The Reclamation Journal-
Every 24 hours, we are blessed with a fresh canvas to paint onto it what we can. Accidents happen and sometimes the paintings turn out the way we want, but thankfully, we have a fresh canvas arriving again tomorrow morning!
This was an inspired invitation to study what it means to you to be alive, to be aware of what gives you joy and what it is to be whole, feel the wonderfulness of your experiences, no matter what they bring.
Its intent is to enhance your wellbeing and to guide you into what gives you well being. Its the cats meow of mental health :)
Today was the second part of a project: We had a SILLY Party in group therapy in honor of all that is fun and what was missed out on, what can be reclaimed and what can grow and flourish... and it was silly! We had birthday hats, funky glasses, kaliedascopes, ice cream cake (thank you, Tina!!!!) and face painting. Even some fingernail painting. Glow in the dark, of course.
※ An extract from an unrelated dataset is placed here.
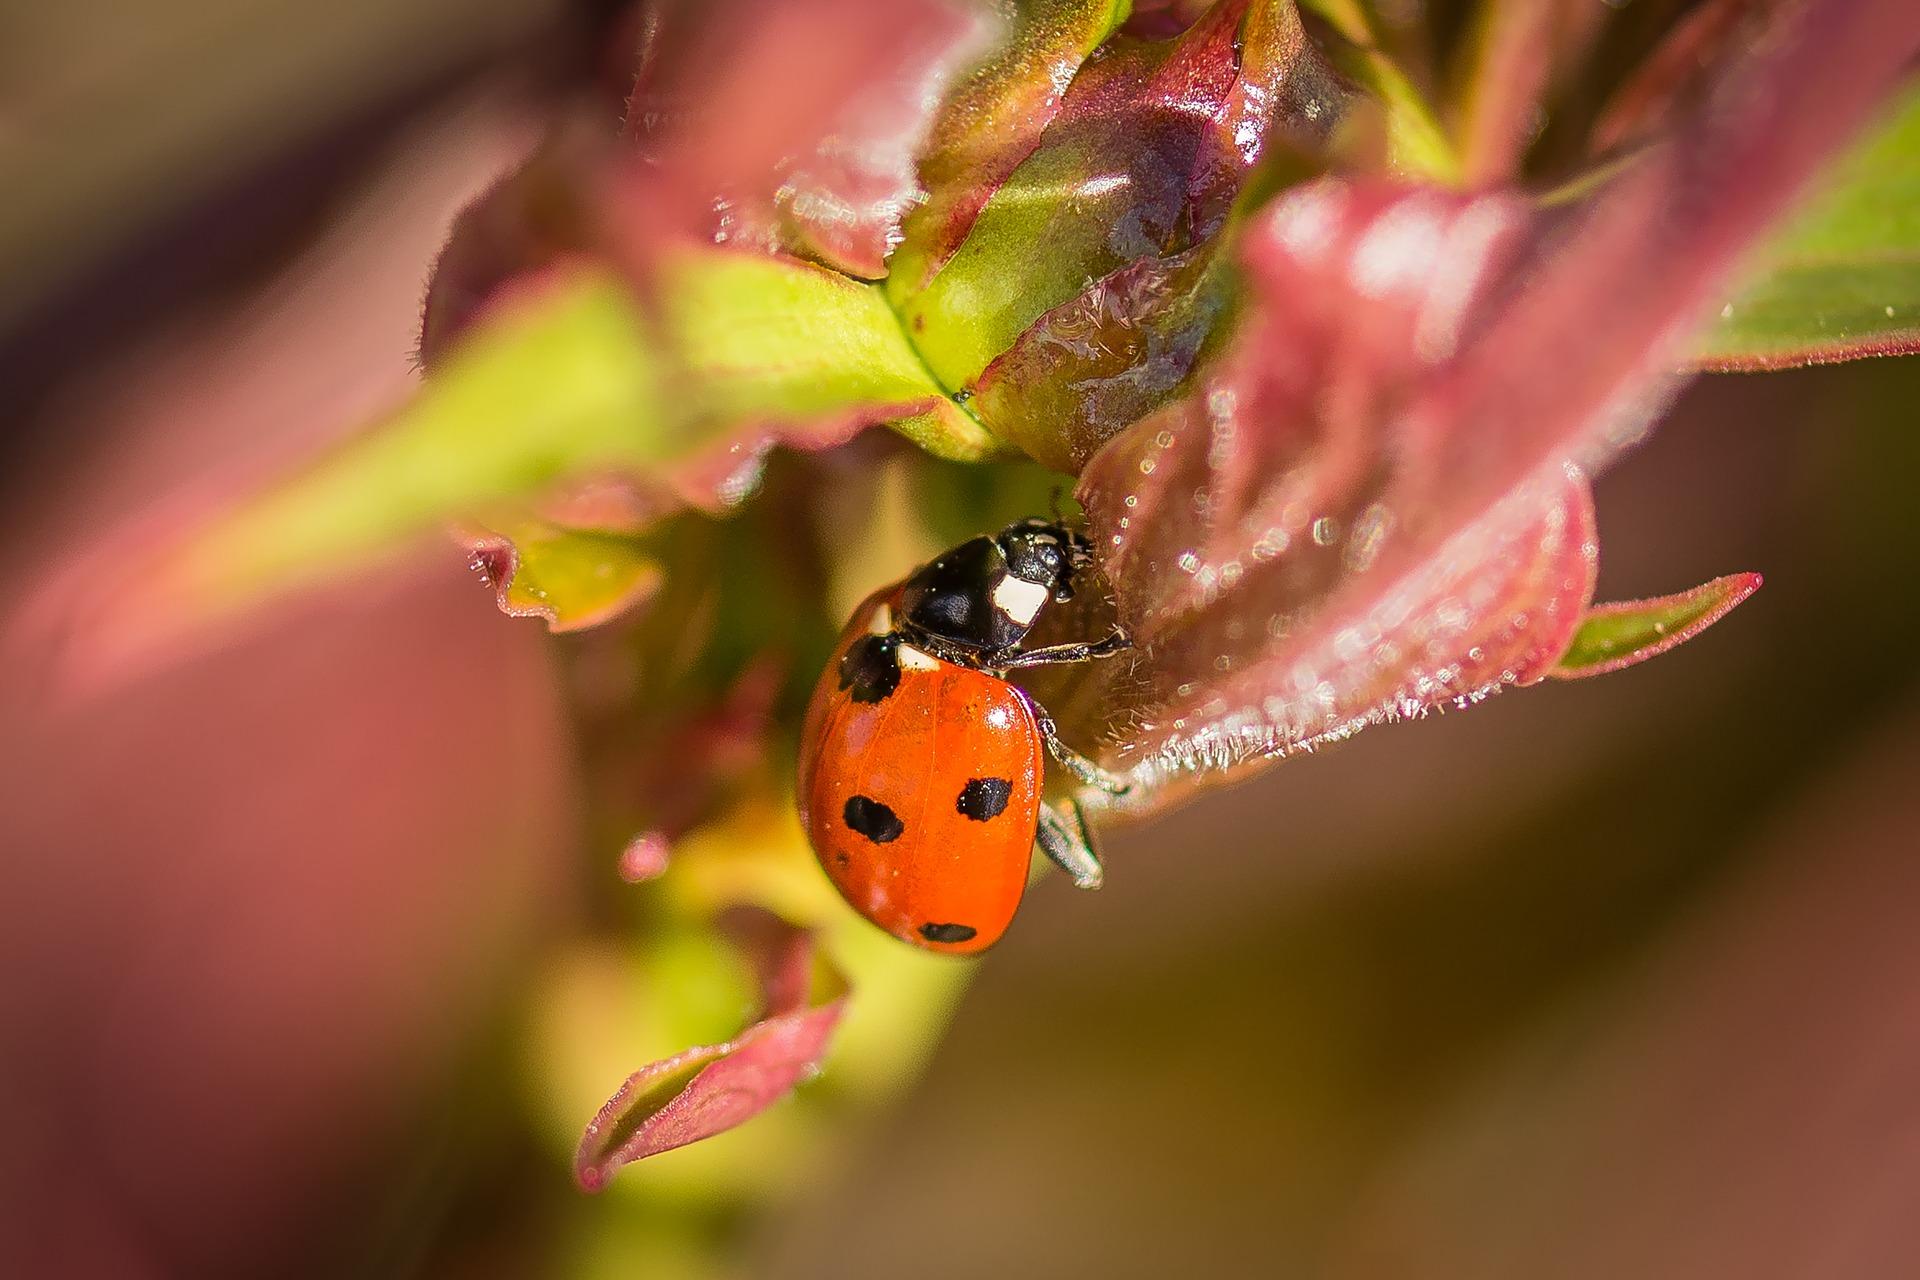 ladybug-2237192_1920

The inspiration came from one encounter with a client.... she so eloquently articulated a question... what is it to be alive? She asked point blank, I've gotten past this, but now what? I really want to live.
The phenomenon that many in a therapeutic environment experience: living through a traumatic relationship (be it childhood, adult abusive relationship) into a feeling that one is merely surviving, not thriving. She expressed what we all want, the desire to be happy, to really live.
This kicked up a lot of my mental dust. How wise is that, and isn't it a fact? For any of us who have survived beyond controlling environments, long past the brainwashing by the abuser and the games we had to play to survive with a person that toxic, we are faced with the reality of 1. reclaiming our thought processes, 2. living in the world on its terms amidst the clinging fears and insecurities the survivor skills gave us and 3. having to teach ourselves how to be alive within our own lives instead of being passive observers.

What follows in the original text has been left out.